Nationalheiligtum der Basilika des Heiligen Thomas, von hier
Der Legende nach soll Thomas nach der Himmelfahrt des Herrn Richtung Osten gezogen sein und das Evangelium verkündet haben. Er gilt als Apostel Indiens. Auf dem Wege dahin sollen ihm übrigens die Heiligen Drei Könige begegnet sein. Er hat sie getauft und zu Bischöfen ernannt. In Indien war Thomas dann als Baumeister tätig, weshalb sein Attribut das Winkelmaß ist und er zum Patron der Architekten, Maurer, Bau- und Zimmerleute wurde.
Genau hier findet sich nun der Anknüpfungspunkt zu unserem Predigttext.

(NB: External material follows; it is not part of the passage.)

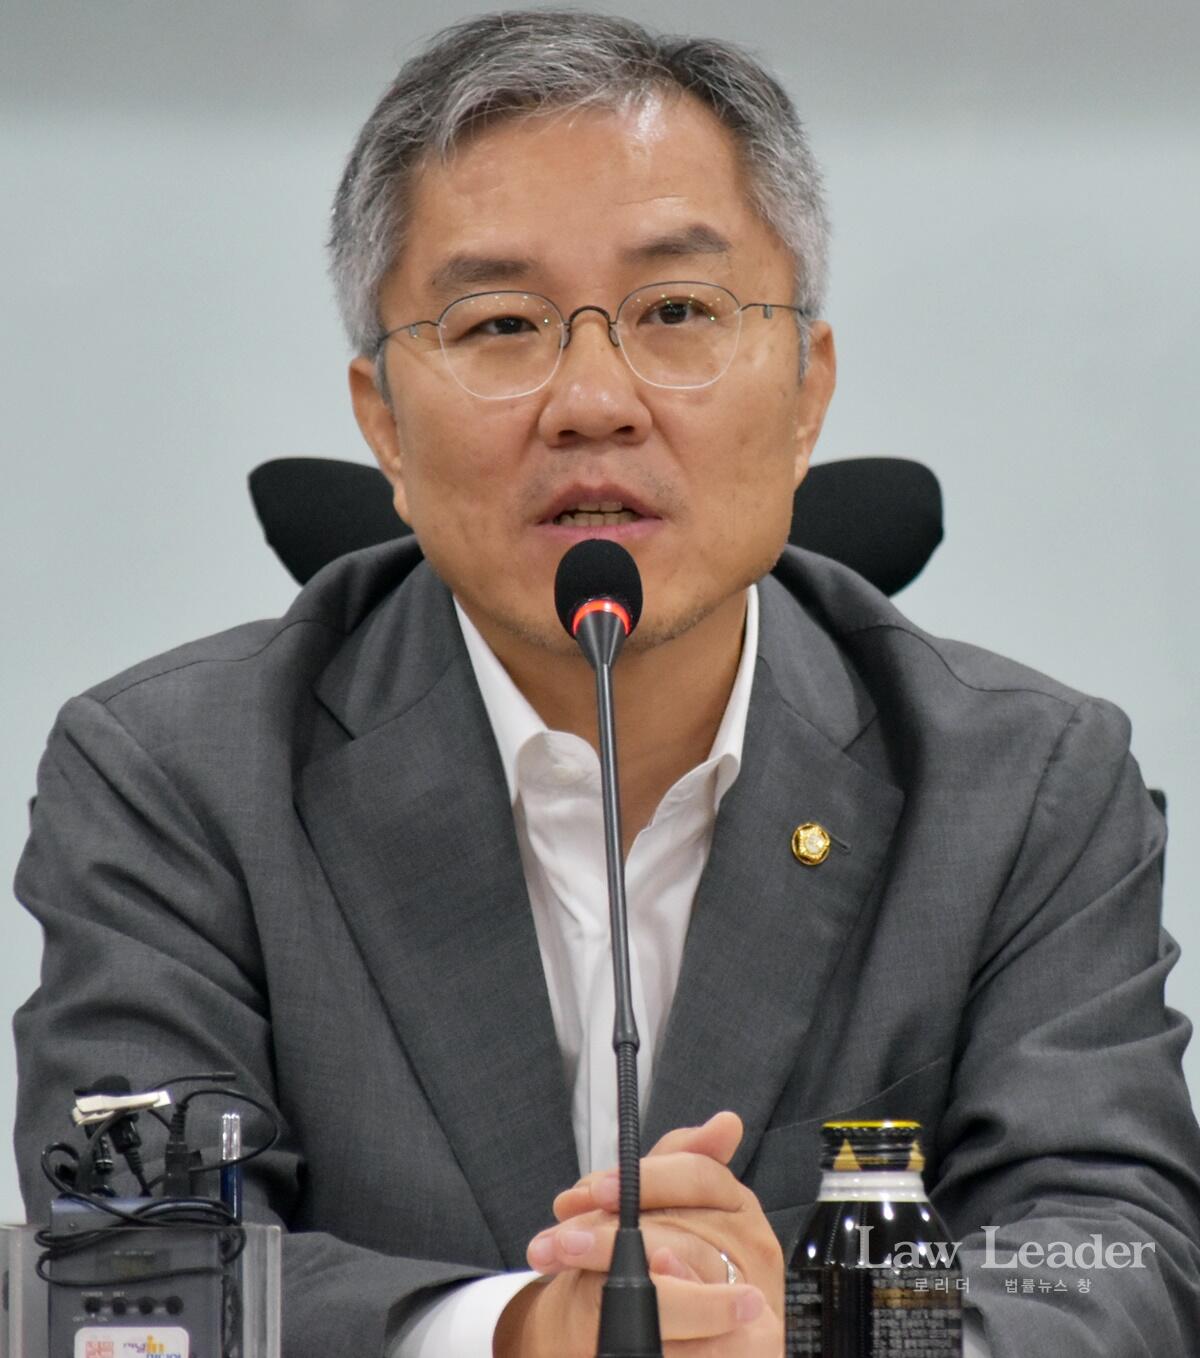 열린민주당 대표 최강욱 국회의원

Es wird erzählt, dass der Großkönig, Maharadscha, an dessen Hofe Thomas als Baumeister tätig war, ihn beauftragte, ihm einen neuen Palast zu errichten. Er gab ihm für den Bau wieder und wieder große Summen Geld, die Thomas allerdings an die Armen verteilte. Endlich aber wollte der König den Baufortschritt besichtigen und deckte den vermeintlichen Schwindel auf. Thomas musste ins Gefängnis und sollte hingerichtet werden. In der Nacht davor aber hatte der Maharadscha einen Traum. Der Allmächtige Gott wandelte mit ihm durch einen einzigartigen Palast voller Glanz und Herrlichkeit, wie er ihn niemals zuvor gesehen hatte. Der Großkönig fragte den Herrn, wer dieses Haus gebaut hat und Gott antwortete: Diesen Palast hat Thomas für dich errichtet durch seine Mildtätigkeit und durch die Werke seines guten Herzens.
Als der König wieder erwachte, da begnadigte er Thomas und belohnte ihn. Lasst uns in dieser Geschichte erkennen, dass wir wissen können, so unser irdisch Haus, diese Hütte, zerbrochen wird, daß wir einen Bau haben, von Gott erbauet, ein Haus, nicht mit Händen gemacht, das ewig ist, im Himmel. Und wir erkennen, dass wir alle offenbar werden müssen vor dem Richtstuhl Christi, auf daß ein jeglicher empfange, nach dem er gehandelt hat bei Leibesleben, es sei gut oder böse.
Vielleicht ist in diesem Bild auch viel von dem zu erkennen, was wir im Advent erwarten. Advent ist nämlich nicht nur die Vorbereitungszeit auf das Christfest. Uns, die wir Jesus als unseren Herrn und unseren Gott verehrten, ist es ein ewiger Advent, denn wir erwarten seine Wiederkunft und sprechen: Komm, denn du bist mein Herr und mein Gott!
Amen.
Und der Friede Gottes, welcher höher ist denn alle unsere Vernunft, bewahre eure Herzen und Sinne in Christus Jesus unseren Herrn.